Hi Brian,

Is it possible to obtain some further information on this program, e.g. how exactly it works?, the columns of the results.txt file?

Many thanks.

Hi Elsie,

I've attached the presentation I used to describe how it works.

The columns in the results file are like this:

assembly contig contam length avgFold reads percentCovered avgFold0 reads0 normRatio

They mean:

assembly: Which assembly this contig came from.
contig: The contig name.
contam: Whether or not it was flagged as a contaminant.
length: Length of the contig.
avgFold: Average coverage of the contig by normalized reads.
reads: How many normalized reads mapped to the contig.
percentCovered: Percent of the bases that are covered by mapped normalized reads.
avgFold0: Average coverage by reads prior to normalization.
reads0: Number of reads mapping to the contig prior to normalization.
normRatio: Ratio of coverage before and after normalization.

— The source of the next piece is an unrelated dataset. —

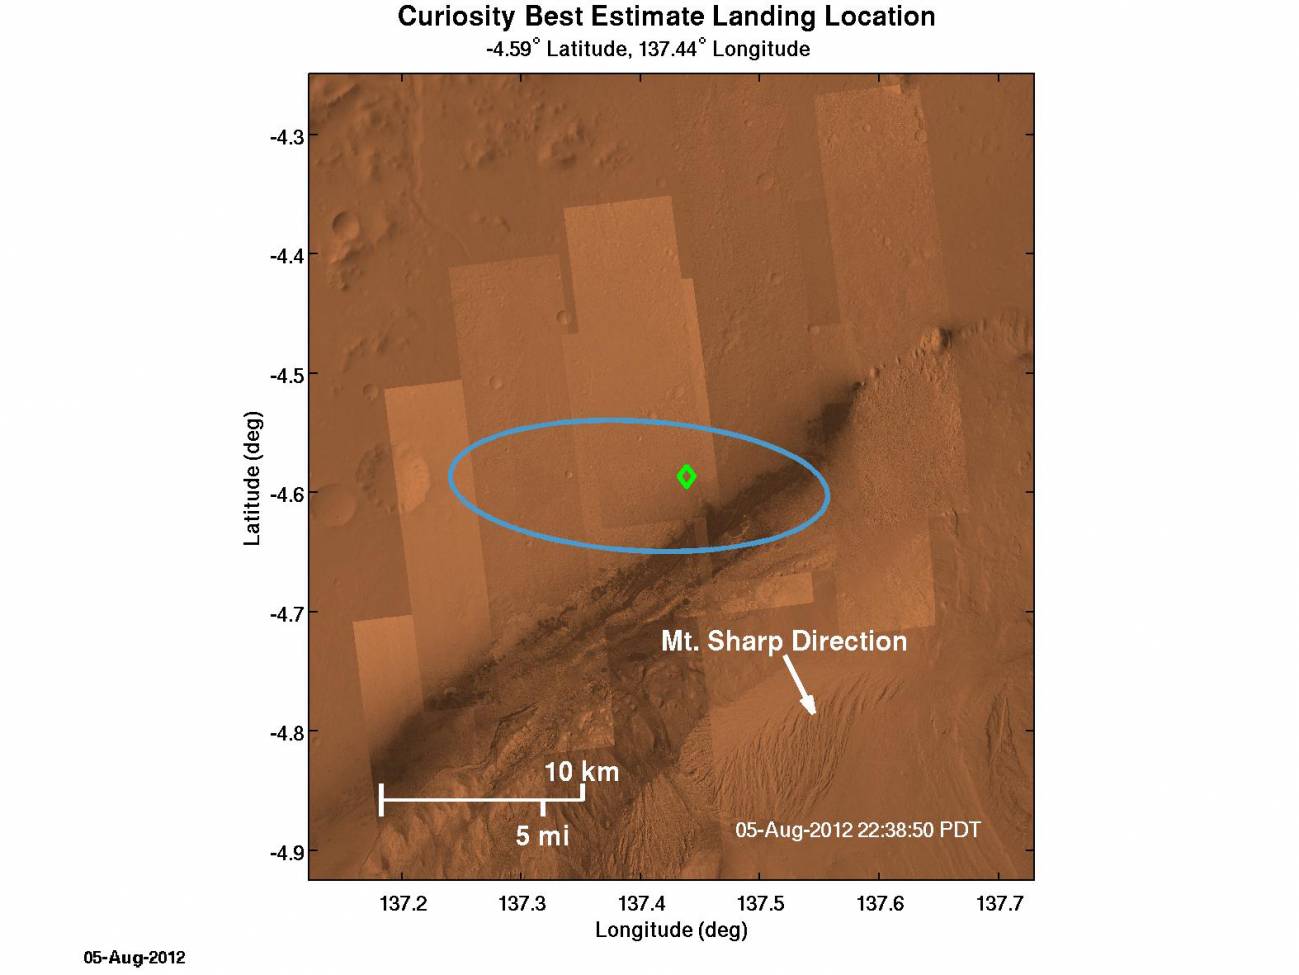  El Curiosity aterrizó a unos dos kilómetros al noreste del punto central de su objetivo. Imagen: NASA

Contigs that have very low coverage after normalization, but did not have very low coverage prior to normalization, are considered contaminants. But the program is designed to be very sensitive and ensure no contaminated contigs slip through, so additionally, all contigs shorter than 500bp or with fewer than some number of total reads mapped to them are also classified as contaminants and removed, because once a contig gets shorter than ~500bp or has very few reads mapped to it, the statistical basis of the approach weakens and it is hard to determine confidently whether the contig is a contaminant. So to absolutely ensure all contaminant contigs are removed, these get removed too. You can override this behavior by adjusting these flags:

minc=3.5 Min average coverage to retain scaffold.
minp=20 Min percent coverage to retain scaffold.
minr=18 Min mapped reads to retain scaffold.
minl=500 Min length to retain scaffold.

Specifically, you could set "minl=0 minr=0" to bypass the filters that classify a contig as contaminant just because it is very short or has very few reads mapped to it, which may be a good idea for transcriptomics. Note that the tool was developed and optimized for genome assemblies. It will work fine on transcriptomes, in terms of ensuring there is no cross-contamination, but the defaults should probably be adjusted or you'll lose all your transcripts shorter than 500bp.

P.S. For detecting cross-contamination at the read level, we don't use Crossblock, but rather, we use Seal. First, run "fuse.sh" on all of the assemblies to make them a single contig and rename the contig based on the library (which simplifies stats reporting). Then concatenate them into a single file (though actually that's optional). For example:

Then run Seal on each set of reads individually:

seal.sh in=library1.fq ref=all.fa stats=sealstats1.txt mkf=0.4 ambig=toss

Then summarize the results:

summarizeseal.sh sealstats*.txt out=summary.txt

That gives you the read-level cross-contamination in ppm. It underestimates it due to "ambig=toss" which ignores the situation where a contig assembled both in the proper library and also in the contaminant library, but is best in the case when you may have multiple libraries of the same species. "ambig=all" or "ambig=random" on the other hand will over-estimate cross-contamination in that case, but are fine if you are sure you don't have any closely-related organisms multiplexed together.

Thank you so much for the ppt - that is very helpful.
This tool will be incredibly useful in our trouble-shooting toolkit - thank you so much for not only making it available, but for putting in the effort to explain it, it is greatly appreciated.